* _What you will do_
Please repeat the lines below, exactly and only, from the one that holds "Lot of 2 AMD" through the one that holds "The vanity plate of this Tesla".

* _Information_
---------------

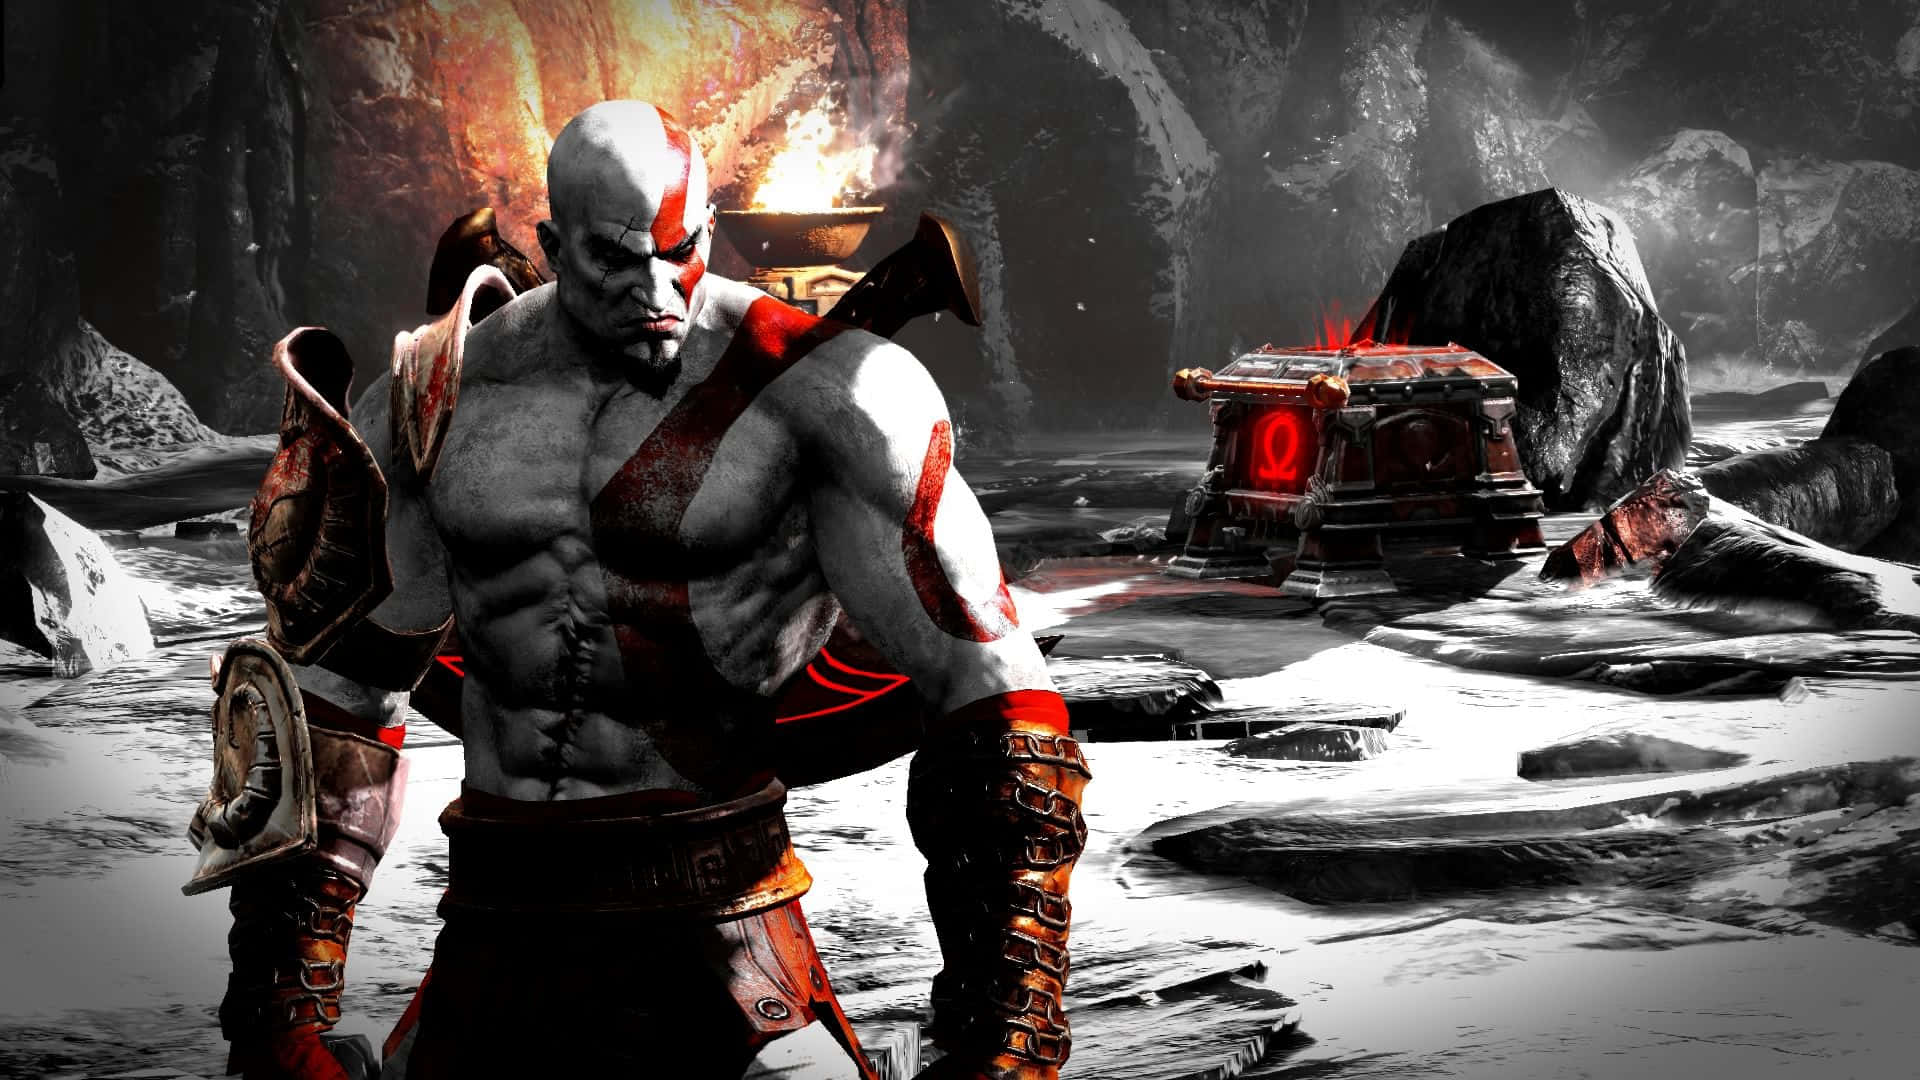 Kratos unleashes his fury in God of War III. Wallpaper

---------------

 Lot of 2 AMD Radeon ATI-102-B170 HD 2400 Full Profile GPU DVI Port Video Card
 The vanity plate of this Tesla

---------------

* _Exercise answer_
 Lot of 2 AMD Radeon ATI-102-B170 HD 2400 Full Profile GPU DVI Port Video Card
 The vanity plate of this Tesla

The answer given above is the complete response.